46. You have the initial weight (mass) as 71.6 mg, initial volume (V1) as 3.84 mL, initial temperature (T1) as 23 degrees C, and initial pressure (P1) as 785 mmHg. At STP (standard temperature and pressure), the temperature (T2) is 273.15 K, and the pressure (P2) is 1.00 atm. To find the volume at STP, we can use the ideal gas law equation:
(P1 × V1) / (T1) = (P2 × V2) / (T2)
Plug in the values:
(785 mmHg × 3.84 mL) / (23 + 273 K) = (1.00 atm × V2) / (273.15 K)
Simplifying the equation:
(3014.4 mmHg mL) / 296 K = (V2) / 273.15 K
Solving for V2:
V2 = (3014.4 mmHg mL × 273.15 K) / (296 K) = 3.65 mL
Therefore, the volume of nitrogen at STP would be 3.65 mL.
102. The initial volume (V1) is given as 12.0 L, initial pressure (P1) as 11.0 atm, and initial temperature (T1) as 20 degrees C. At STP, the temperature (T2) is 273.15 K, and the pressure (P2) is 1.00 atm. Plug these values into the combined gas law equation:
(11.0 atm × 12.0 L) / (20 + 273.15 K) = (1.00 atm × V2) / (273.15 K)
Simplifying the equation:
(132.0 atm L) / 293.15 K = (V2) / 273.15 K
Solving for V2:
V2 = (132.0 atm L × 273.15 K) / (293.15 K) = 123 L
Therefore, the volume of the gas at STP would be 123 L.
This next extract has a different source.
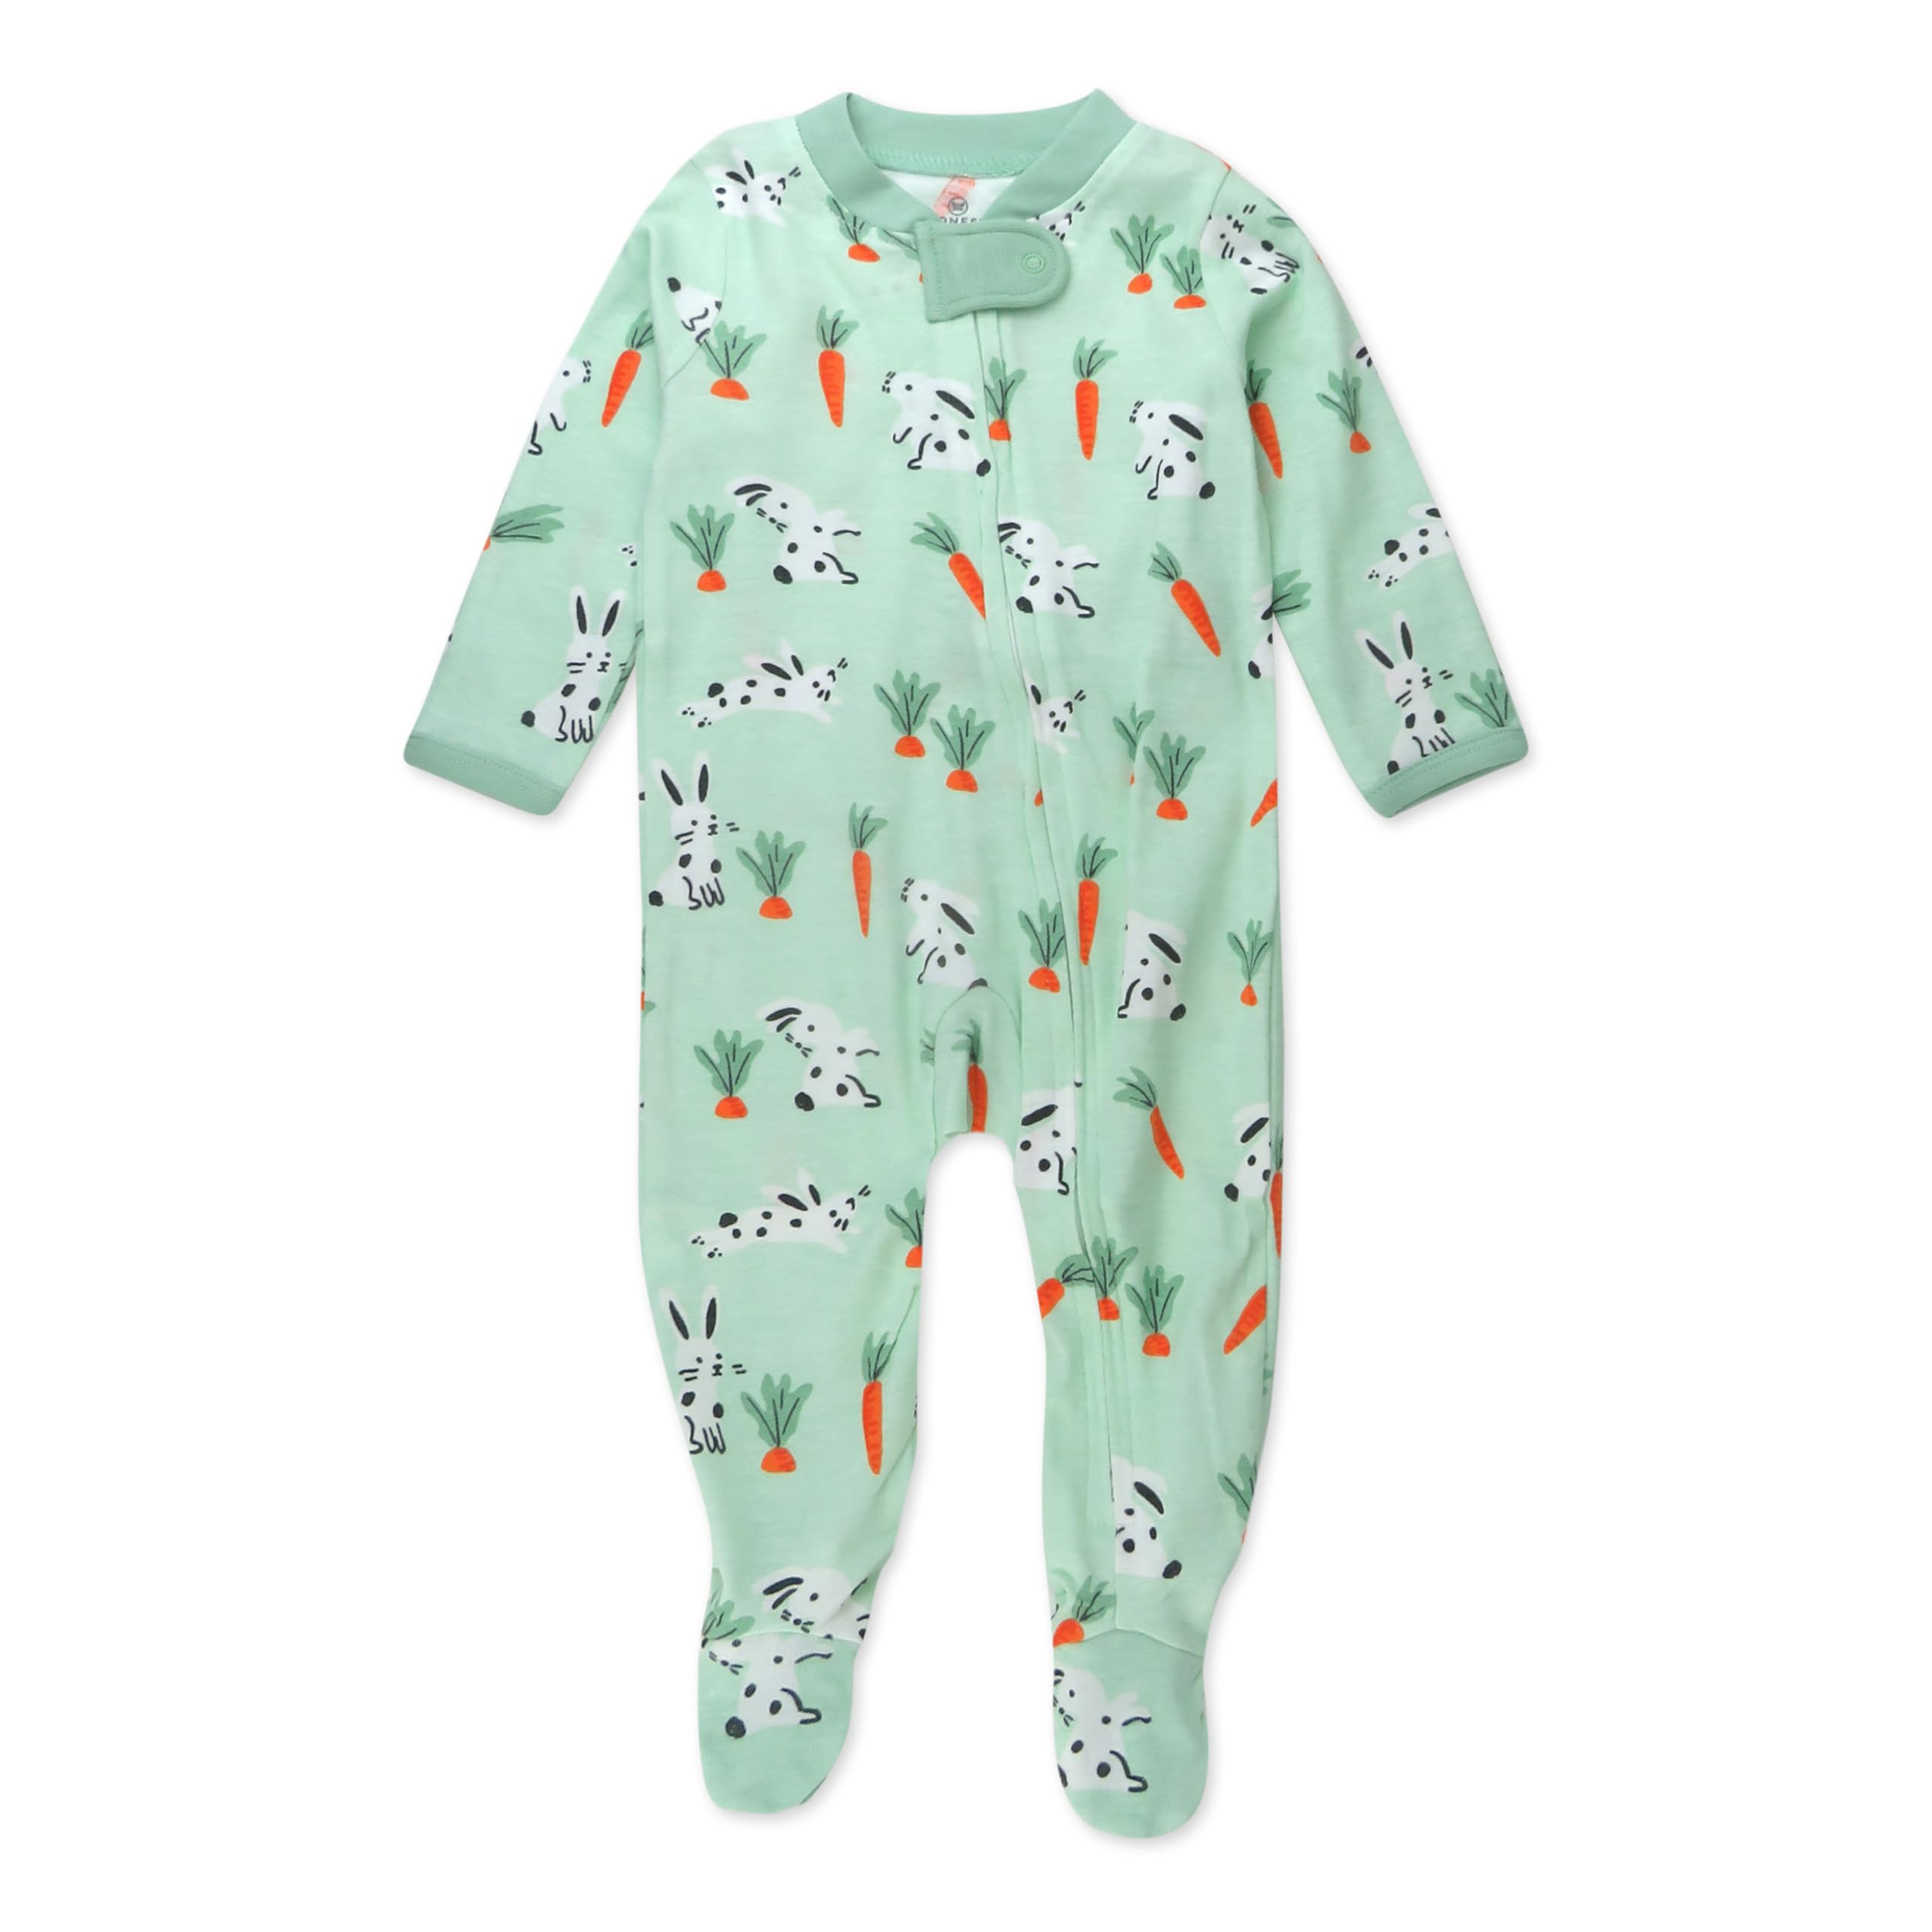 HonestBaby Sleep and Play Footed Pajamas One-Piece Sleeper Jumpsuit Zip-Front Pjs 100% Organic Cotton for Baby Girls, Dalmatian Bunny, 0-3 Months

So, the answers to the checked problems are:
34. The volume of helium would be 3.35 L.
38. The pressure of krypton in the tank would be 16.8 atm.
42. The volume of the gas at 25 degrees C and 1.00 atm would be 5.27 L.
46. The volume of nitrogen at STP would be 3.65 mL.
102. The volume of the gas at STP would be 123 L.